Occasionally the tool installation may fail due to network issues; if it does, just re-run the shed-tools installation process until it succeeds. This is a known issue the developers are working on.

{% icon tip %} Can I install tools without restarting?

Yes. The default tool config (config/tool_conf.xml.sample, copy to config/tool_conf.xml to modify) has an option, monitor="true" set in the root <toolbox> tag. This instructs Galaxy to watch the tool files referenced in that config and load or reload them as necessary. It will also add any tools you have added. {: .tip}

{% icon tip %} Can I install tools without a ToolShed?

Yes. The galaxy_local_tools option for the galaxyproject.galaxy Ansible role can be used to install local tools, or you can manage them in another way that fits your workflow better. UseGalaxy.eu, for example, maintains a repository of tools that are not installed from the ToolShed to aid their local developers. This is deployed to the server using the git module, rather than the Galaxy Ansible role. {: .tip}

Tool Testing

Having the tools installed is a good first step, but your users will expect that they actually work as well. You can use Ephemeris to automatically test all of the installed tools.

{% icon hands_on %} Hands-on: Test the installed tools

  1. Use the Ephemeris shed-tools command to test the bamtools_filter tool on your Galaxy.
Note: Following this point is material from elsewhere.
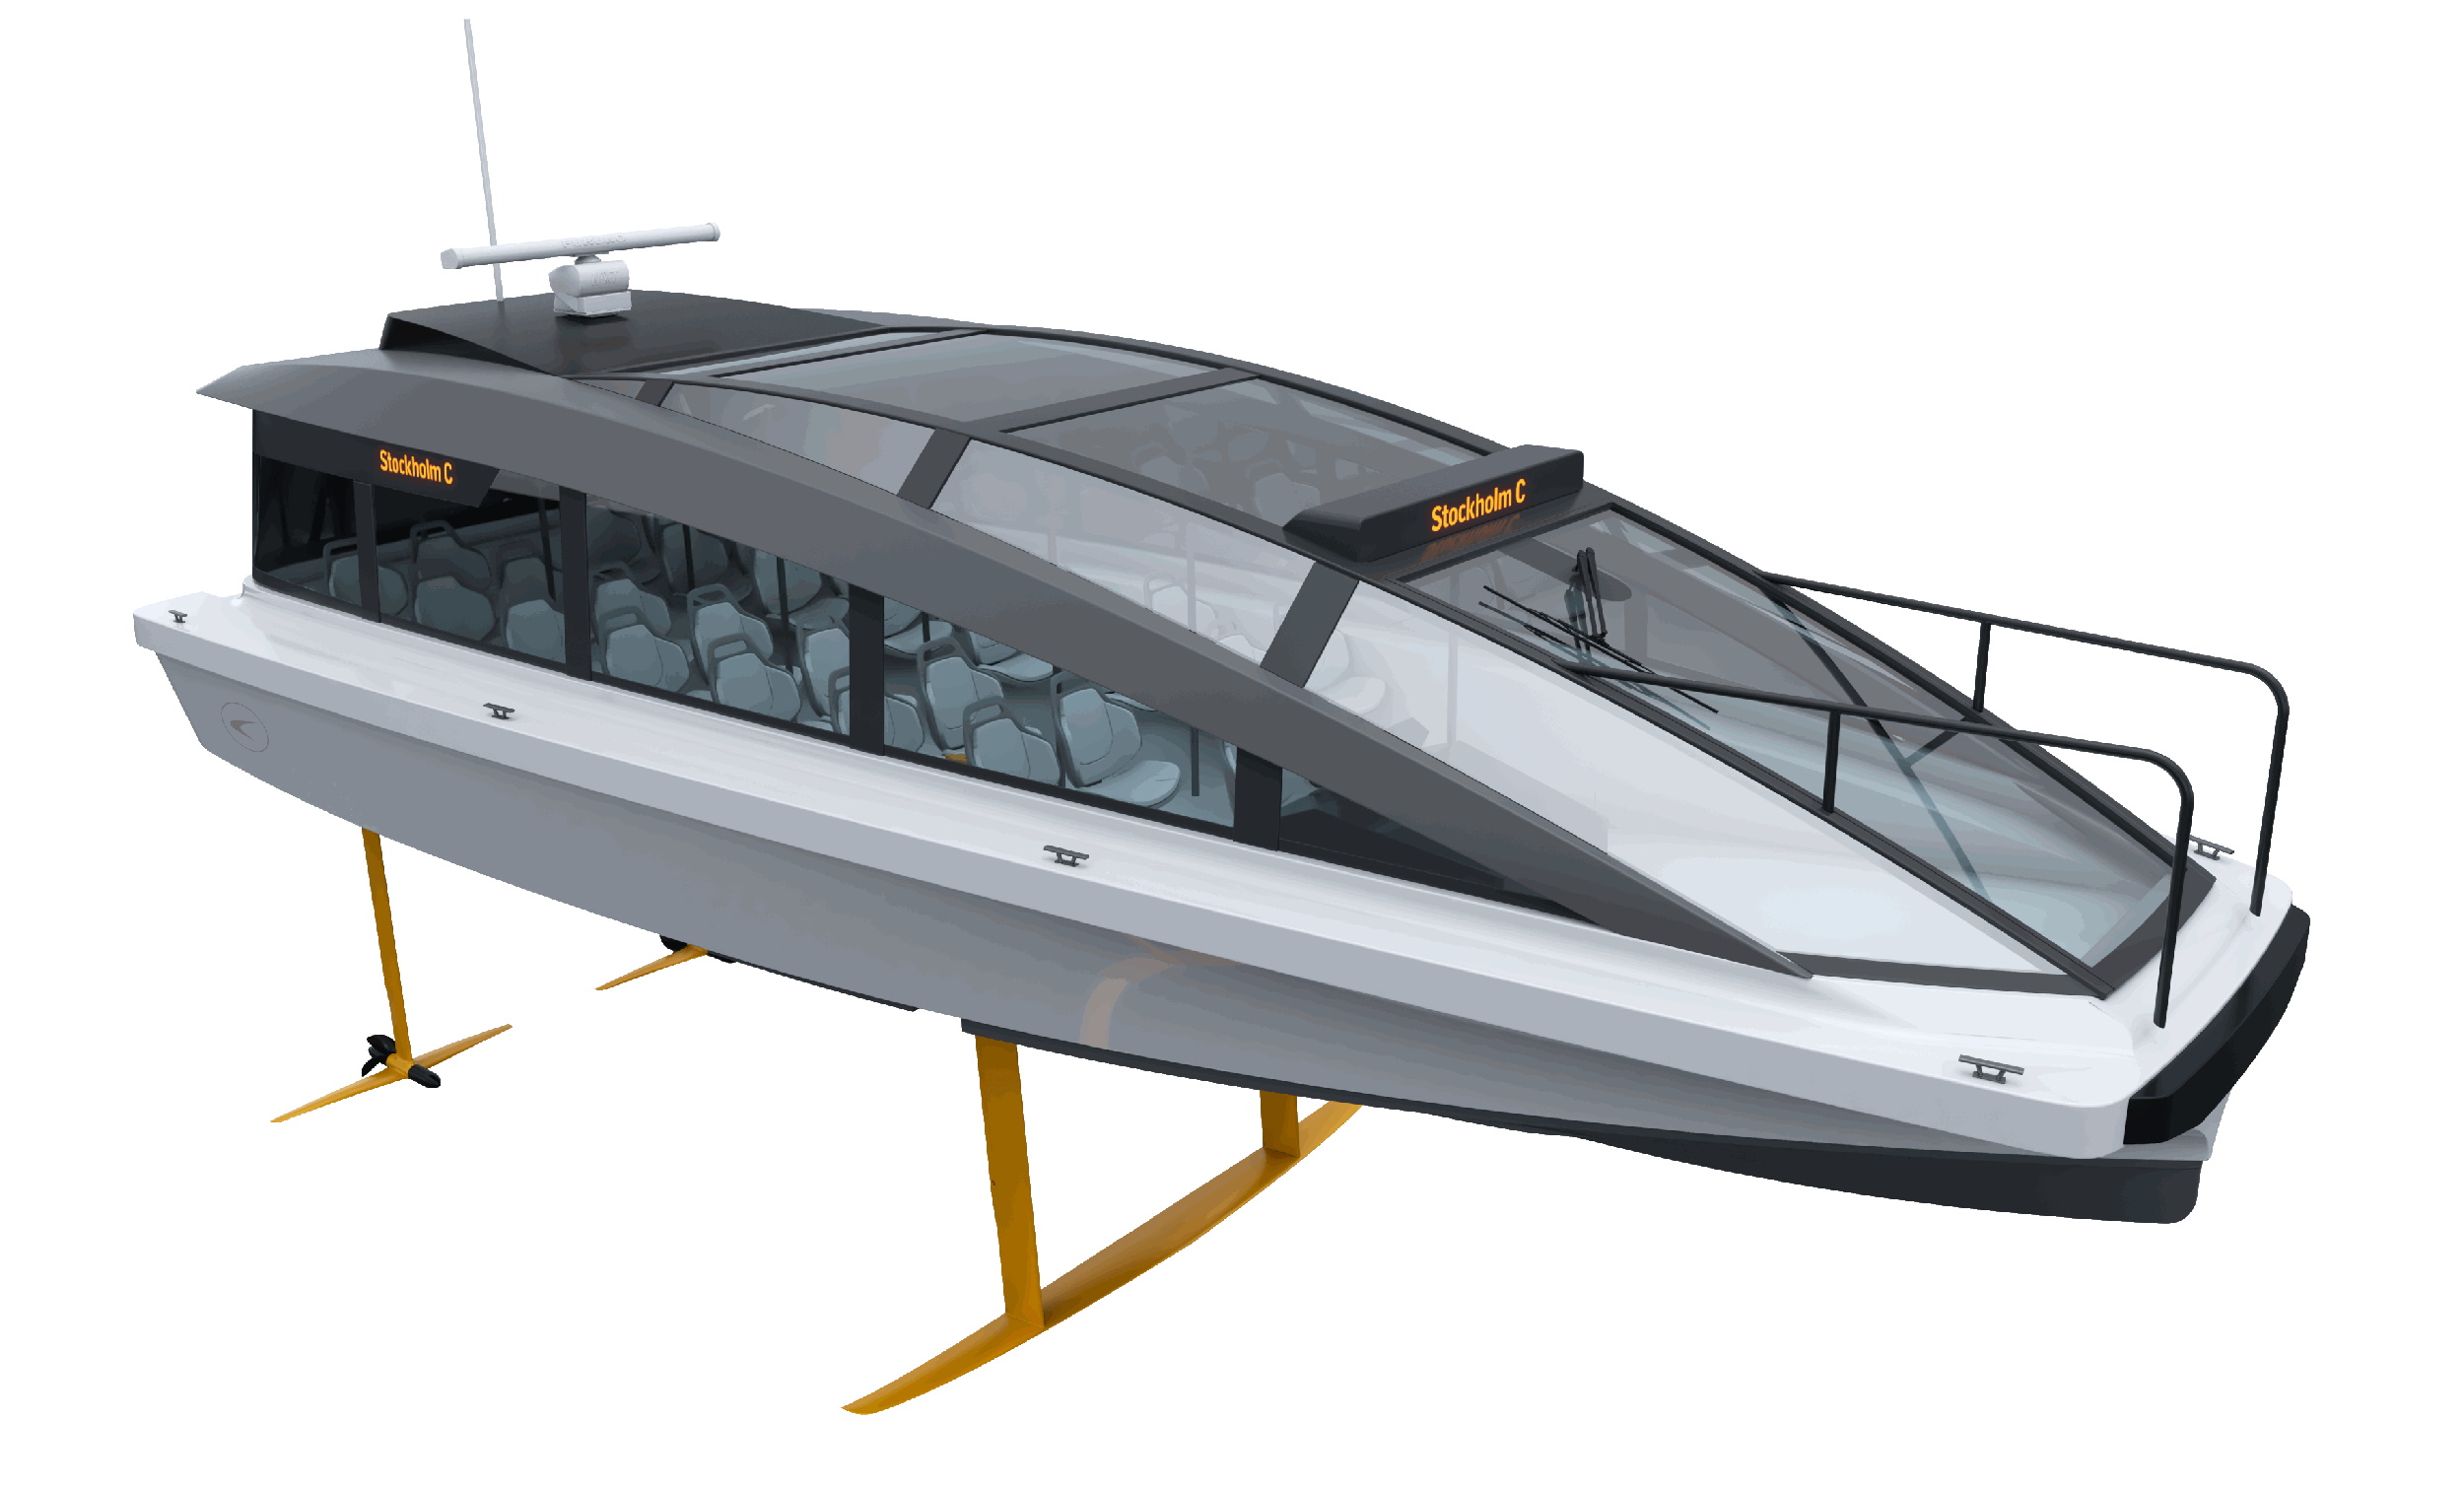 3D model of Candela's P-30 passenger boat.
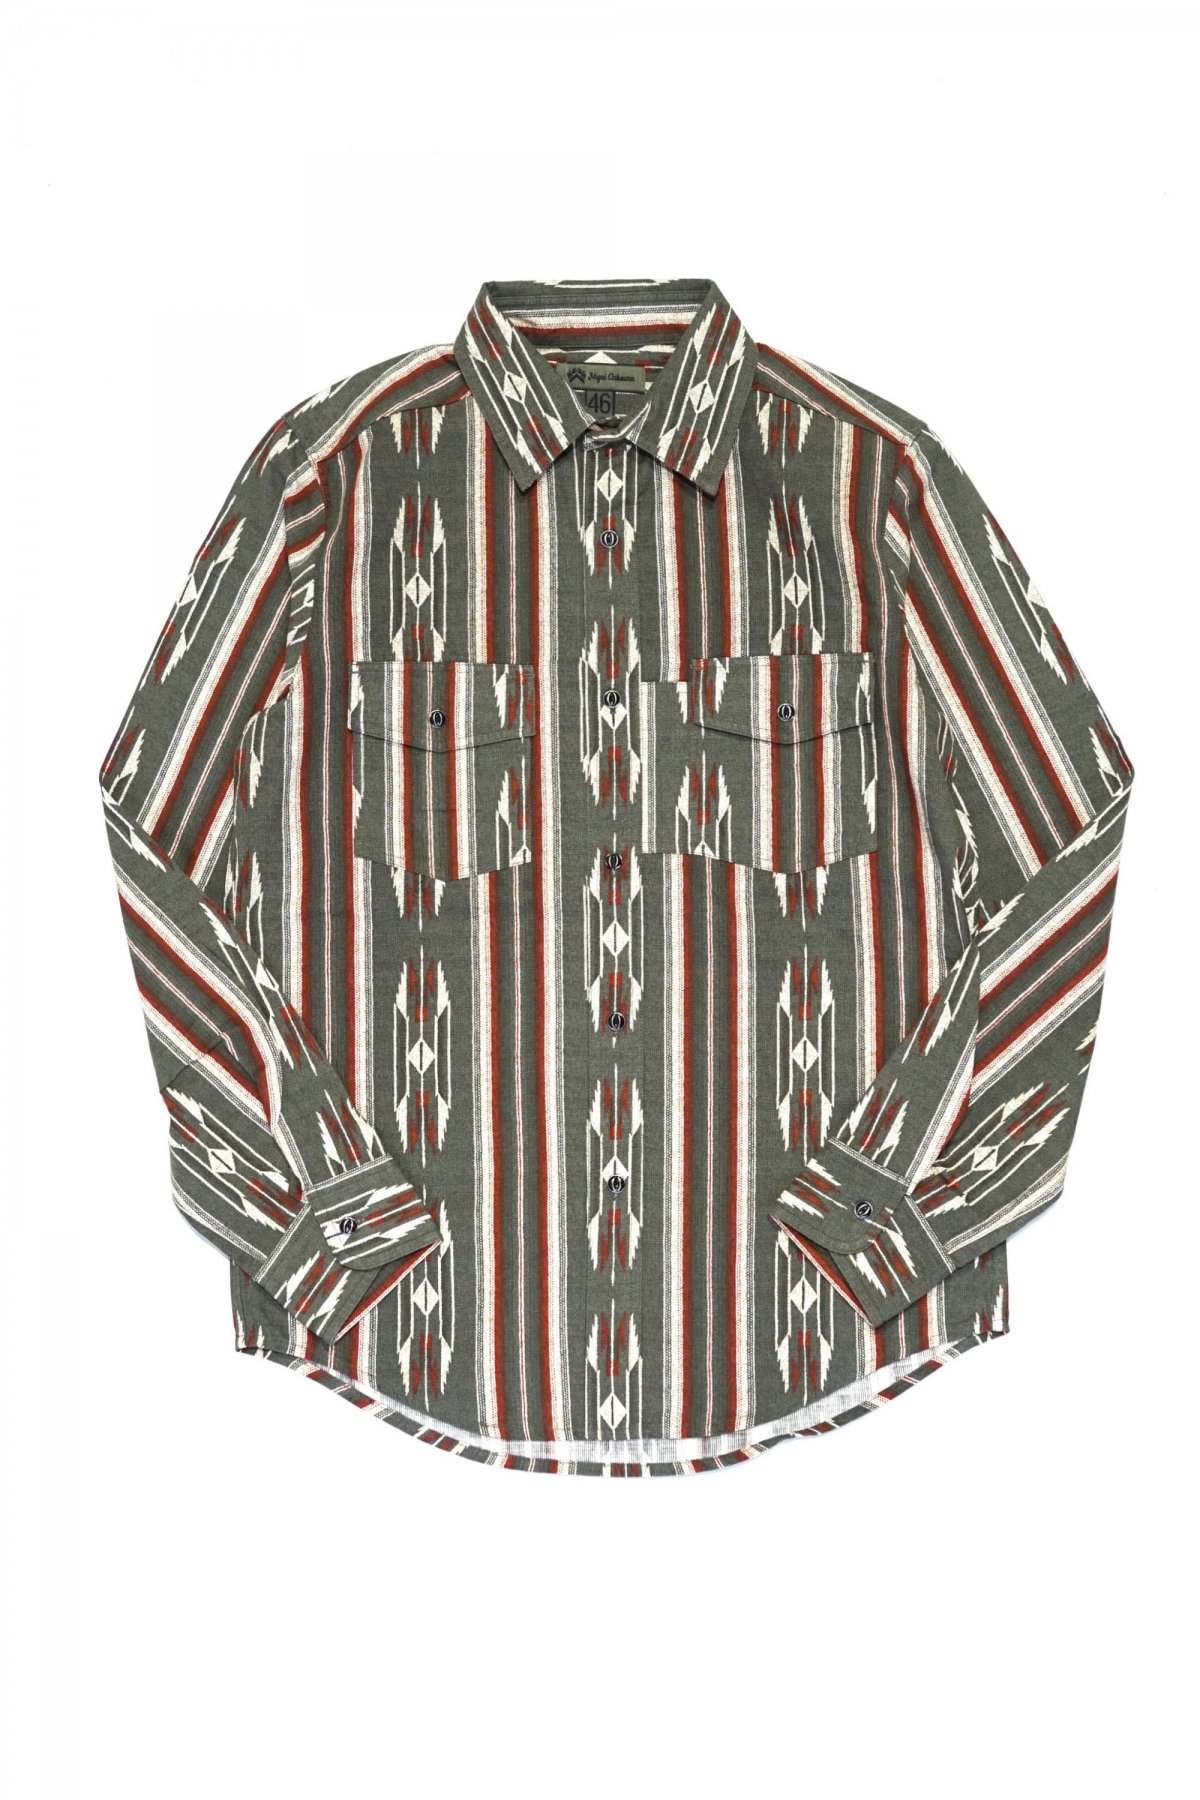 90’s美品4万円 旧ナイジェルケーボン イタリア製生地シャツジャケット

    {% icon question %} Question

    What did your command look like?

    {% icon solution %} Solution

    Use your Galaxy URL and API key in the example command below:

    shed-tools test -g https://your-galaxy -a <api-key> --name bamtools_filter --owner devteam

    {: .solution} {: .question} {: .hands_on}

This can give you some more confidence that things are working correctly. Oftentimes, users provide workflows for biological domains that we are not familiar with, so knowing how we can test these tools is impossible for us as admins. Leveraging the built-in tool test cases can give you reassurance that things are functional before you inform your users of the new tools.

Obtaining a Tool List

Sometimes a user might ask you to install all the tools they were previously using on another Galaxy instance. Ephemeris can produce a tool_list.yaml file for all the tools installed on a server.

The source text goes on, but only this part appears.